--- DATASET EXCERPTS Enclosed Below ---

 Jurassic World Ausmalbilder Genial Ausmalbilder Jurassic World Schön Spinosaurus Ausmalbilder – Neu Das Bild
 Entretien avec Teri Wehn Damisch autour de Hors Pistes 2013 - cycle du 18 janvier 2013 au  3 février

--- End of Enclosed DATASET EXCERPTS ---
--- DATASET EXCERPTS Enclosed Below ---

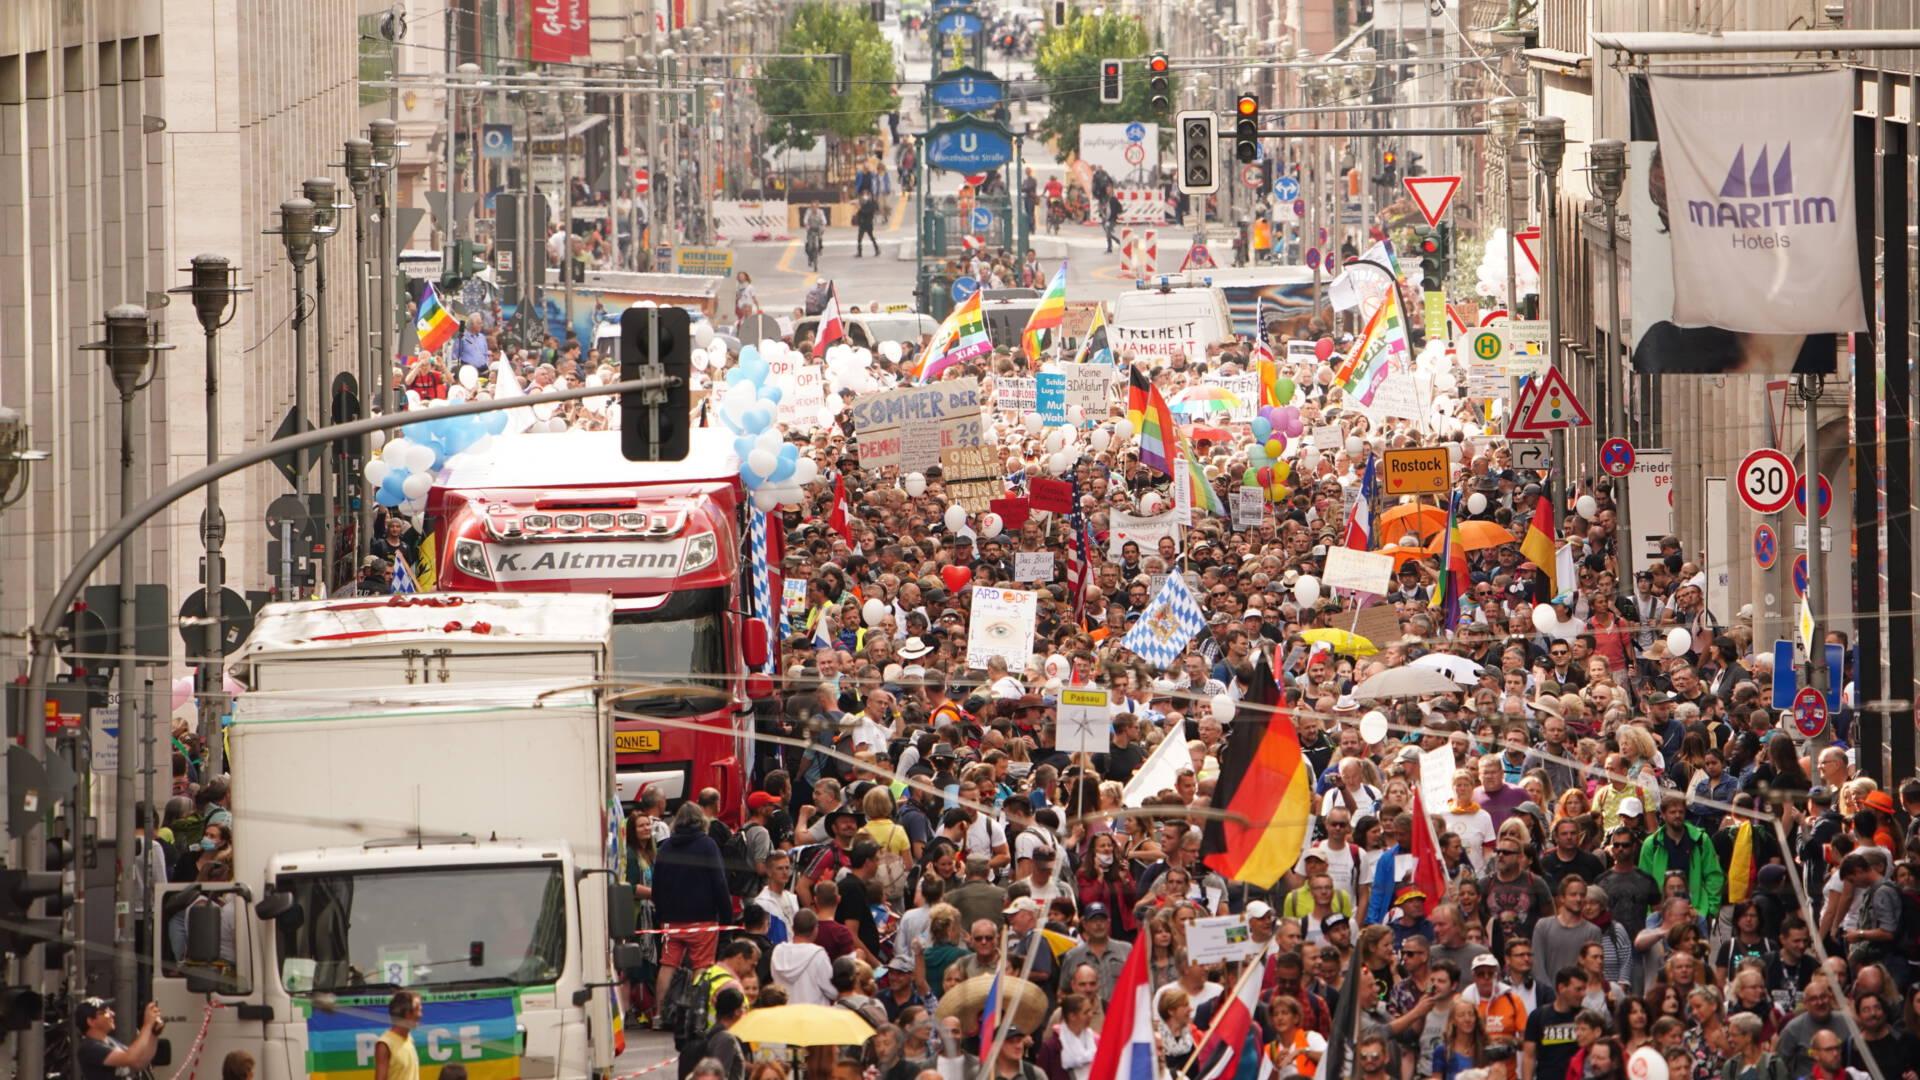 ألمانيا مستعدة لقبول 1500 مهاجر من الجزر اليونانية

--- End of Enclosed DATASET EXCERPTS ---
--- DATASET EXCERPTS Enclosed Below ---

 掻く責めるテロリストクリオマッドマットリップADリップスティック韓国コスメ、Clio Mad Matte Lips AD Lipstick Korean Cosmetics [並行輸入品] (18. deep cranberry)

--- End of Enclosed DATASET EXCERPTS ---

TASK DETAILS - Taking the entries above, write out exactly the lines starting with the line containing "Jurassic World Ausmalbilder" and going on through the line containing "Entretien avec Teri", both included, and nothing else.

OUTPUT FOR THIS EXERCISE -
 Jurassic World Ausmalbilder Genial Ausmalbilder Jurassic World Schön Spinosaurus Ausmalbilder – Neu Das Bild
 Entretien avec Teri Wehn Damisch autour de Hors Pistes 2013 - cycle du 18 janvier 2013 au  3 février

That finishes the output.